*** Provided material ***

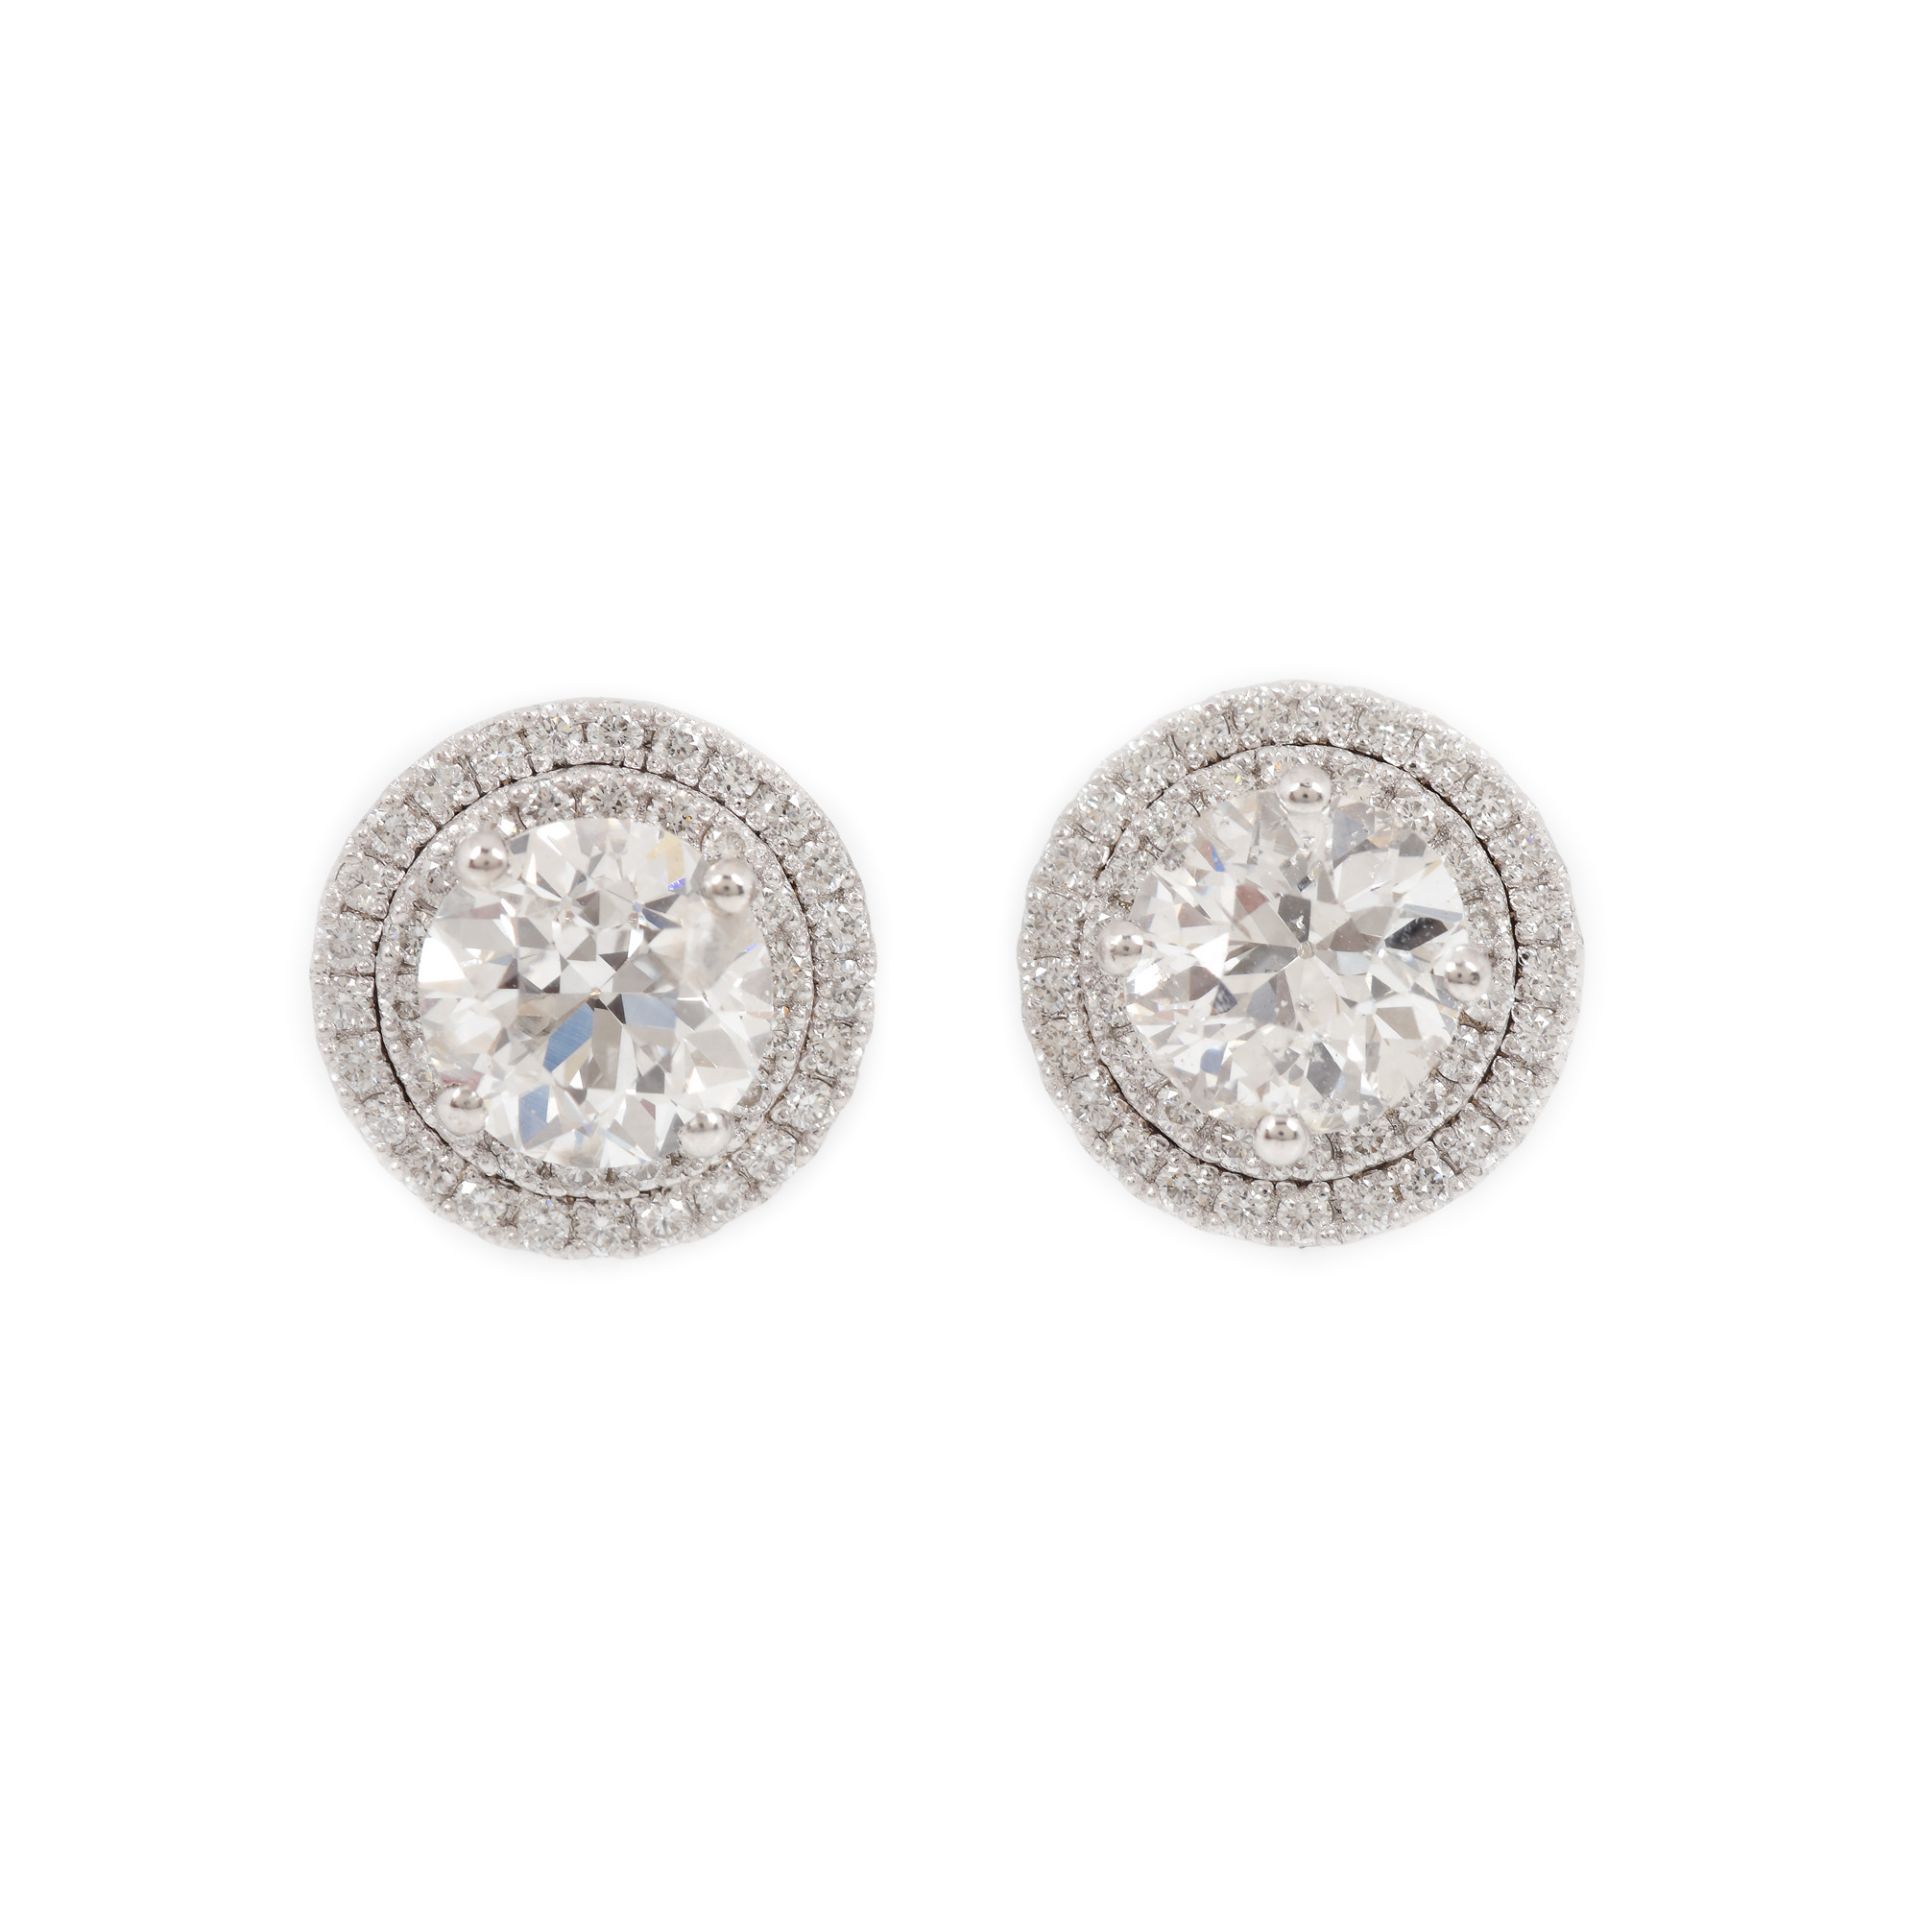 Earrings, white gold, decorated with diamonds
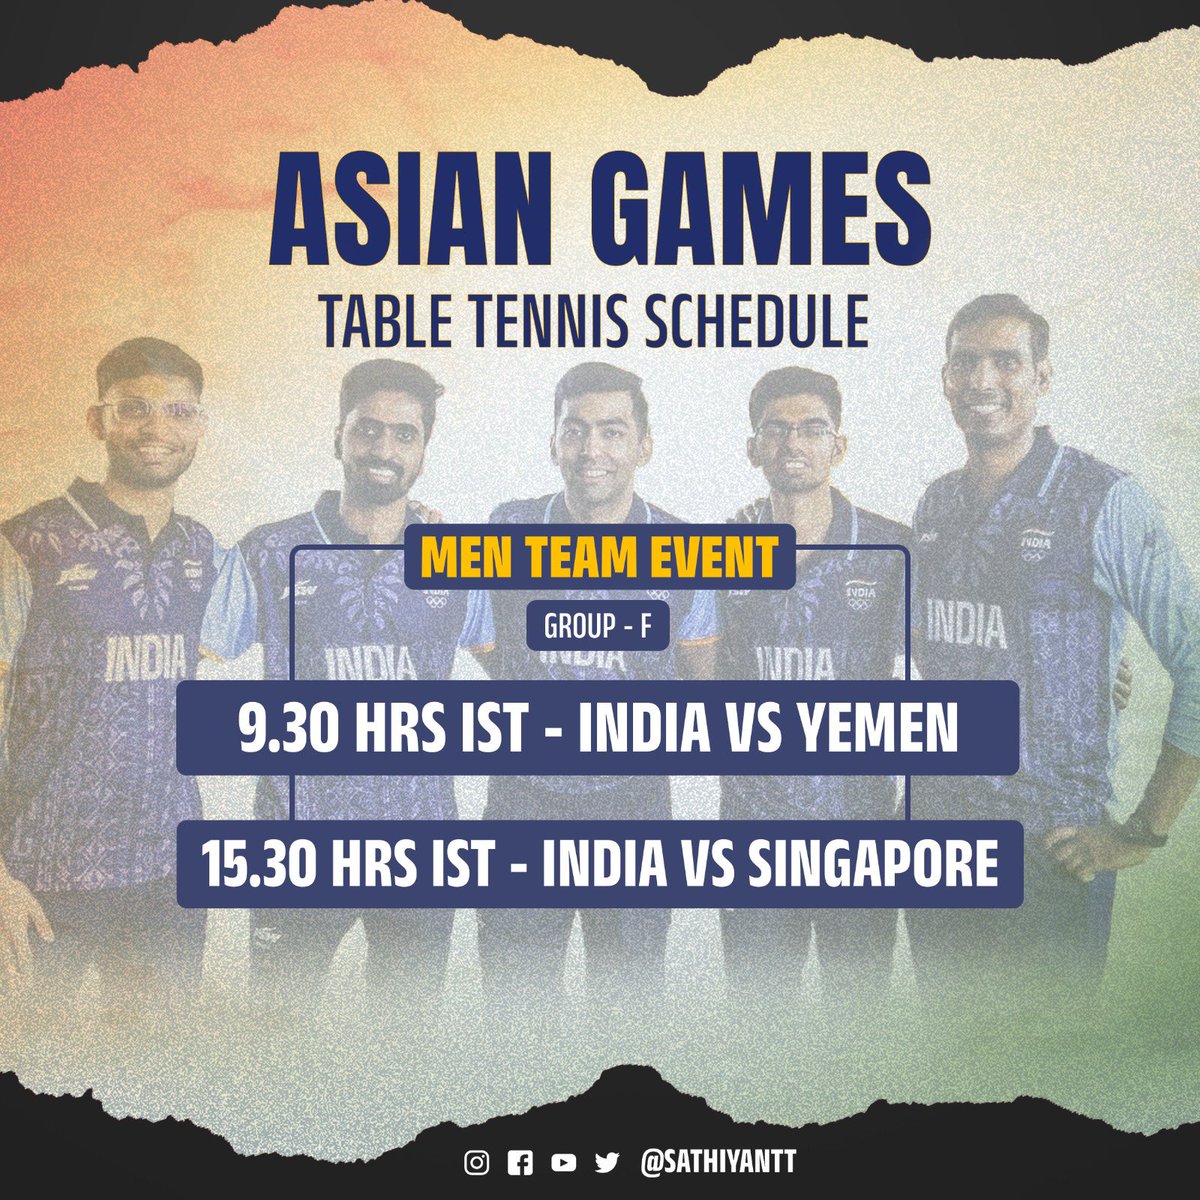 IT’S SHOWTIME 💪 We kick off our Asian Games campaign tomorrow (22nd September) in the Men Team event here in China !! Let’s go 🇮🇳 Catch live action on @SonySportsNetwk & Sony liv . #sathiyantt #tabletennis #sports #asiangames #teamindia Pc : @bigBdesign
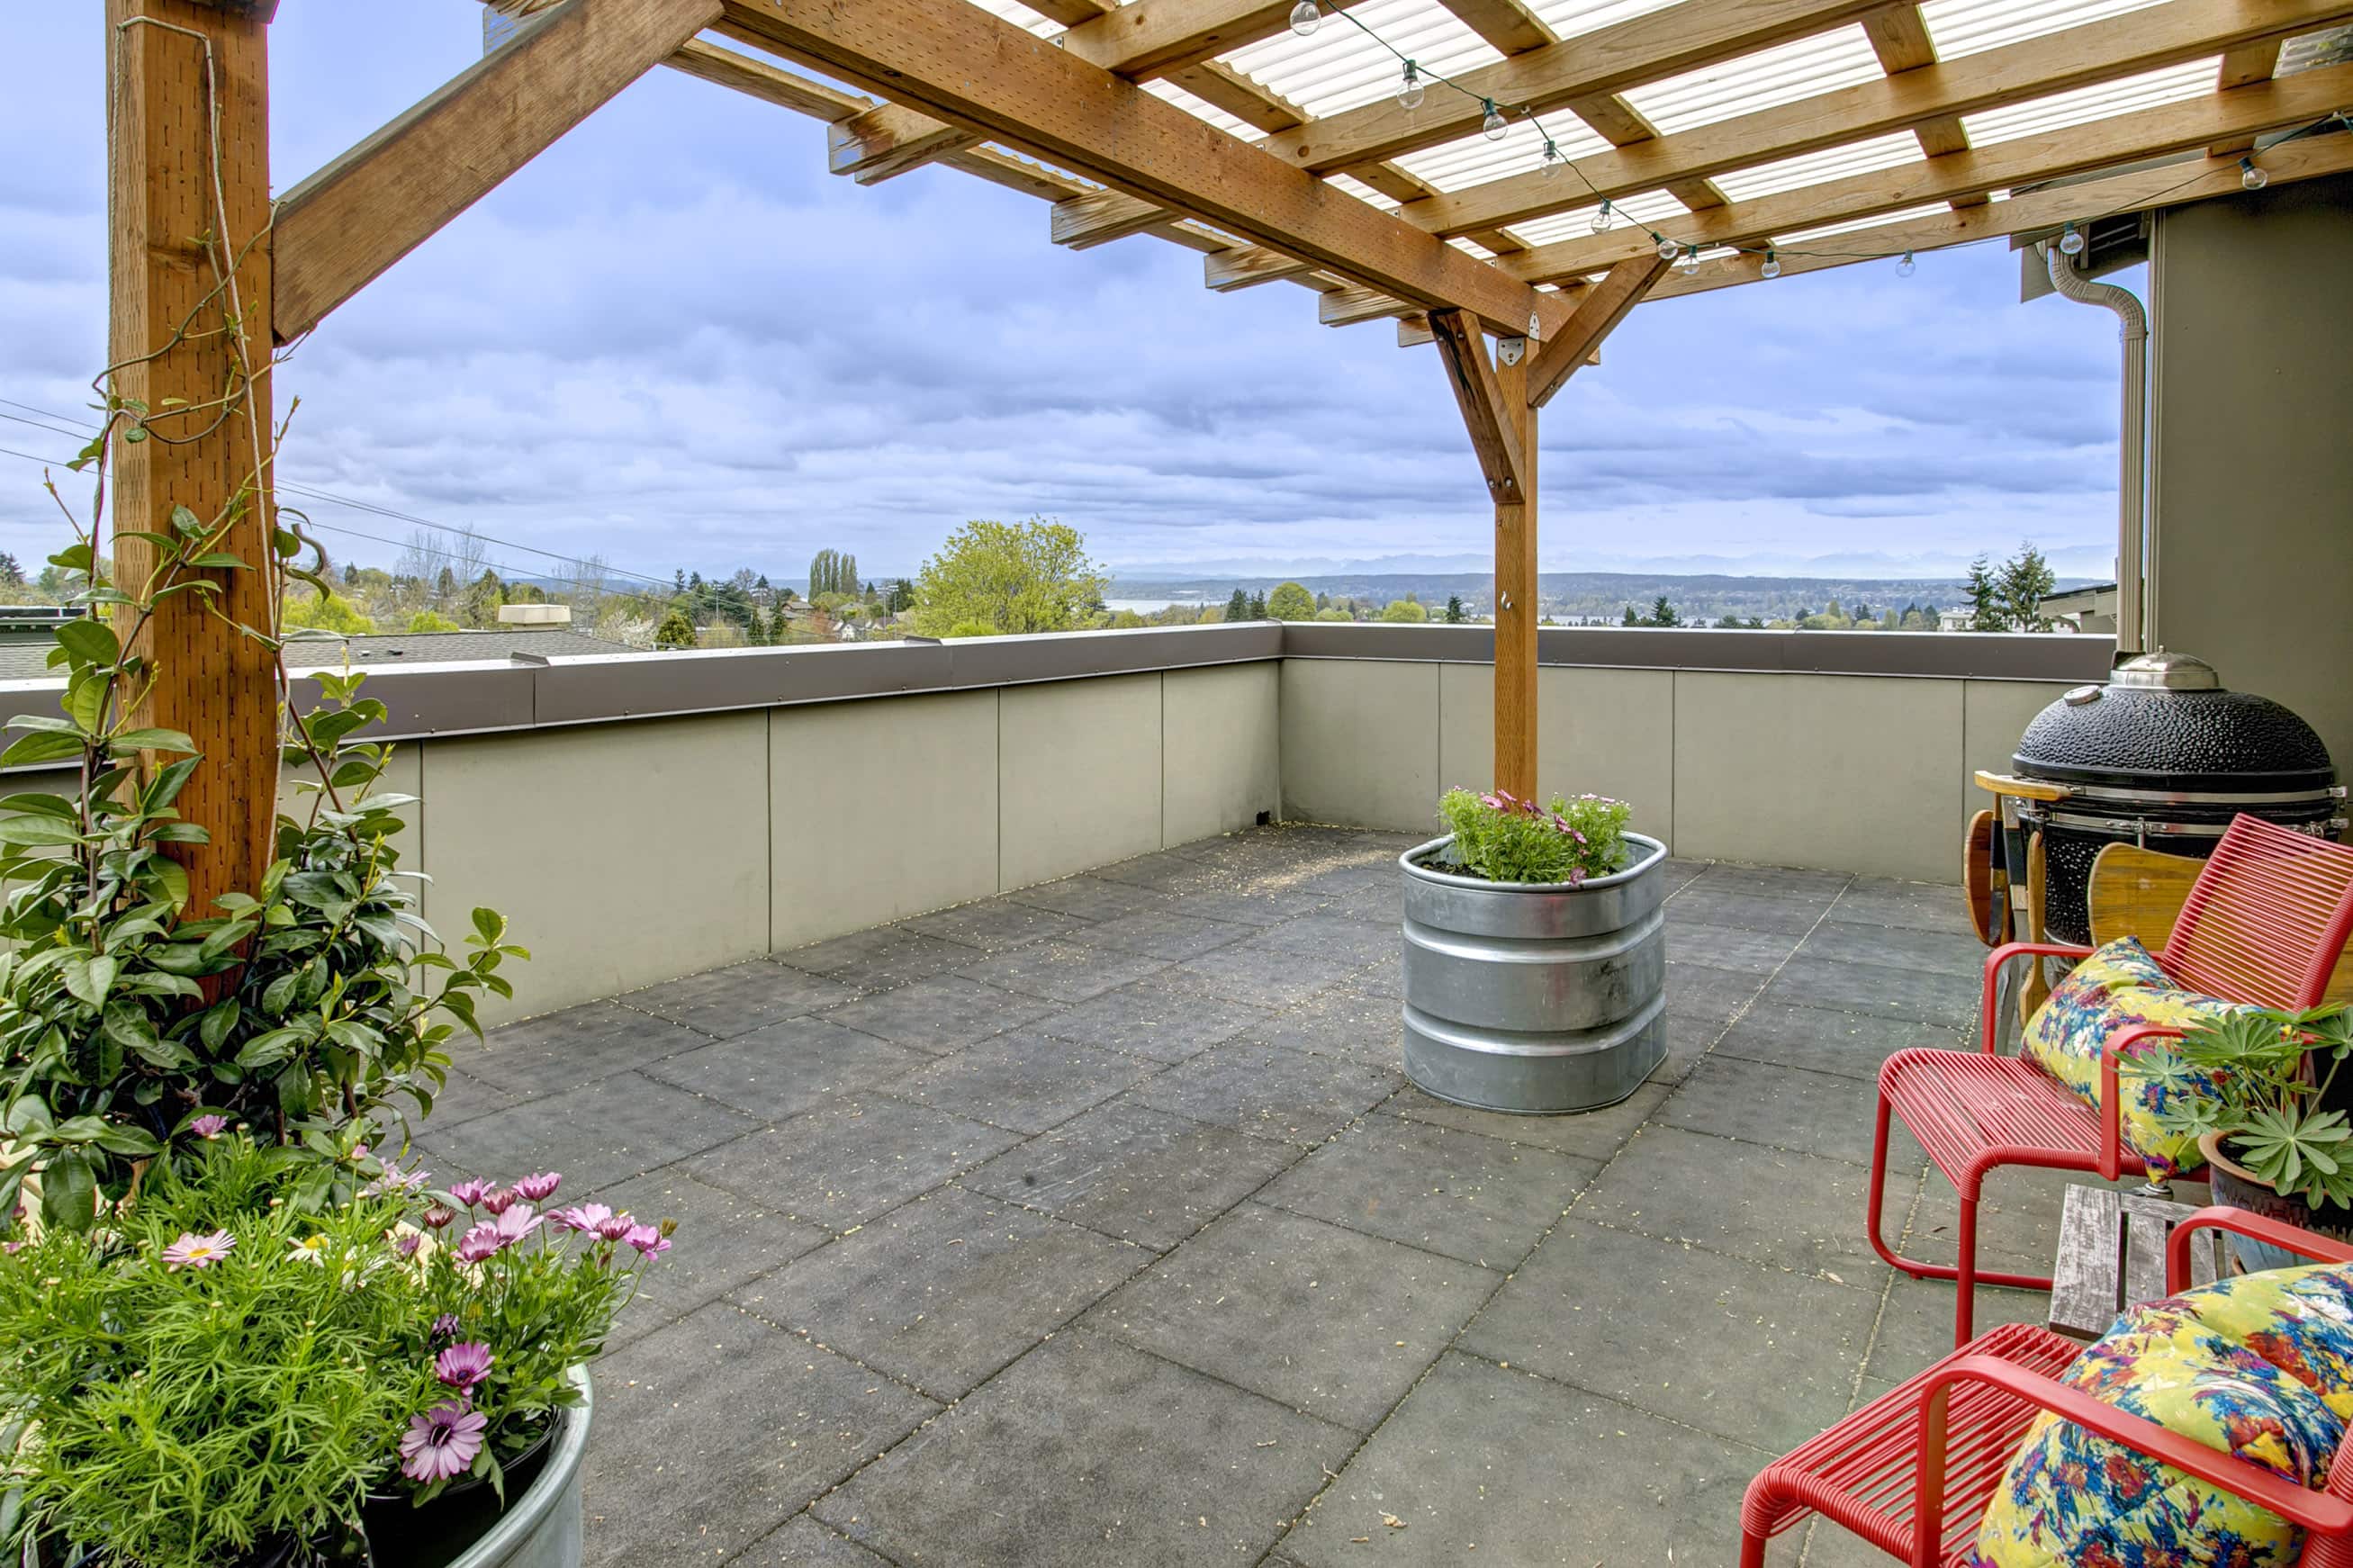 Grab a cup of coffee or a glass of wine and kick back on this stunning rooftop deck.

*** End of Provided material ***

● Exercise prompt
A verbatim copy of the listing, with all pictures removed, is required.

● Answer
 Earrings, white gold, decorated with diamonds
 IT’S SHOWTIME 💪 We kick off our Asian Games campaign tomorrow (22nd September) in the Men Team event here in China !! Let’s go 🇮🇳 Catch live action on @SonySportsNetwk & Sony liv . #sathiyantt #tabletennis #sports #asiangames #teamindia Pc : @bigBdesign
 Grab a cup of coffee or a glass of wine and kick back on this stunning rooftop deck.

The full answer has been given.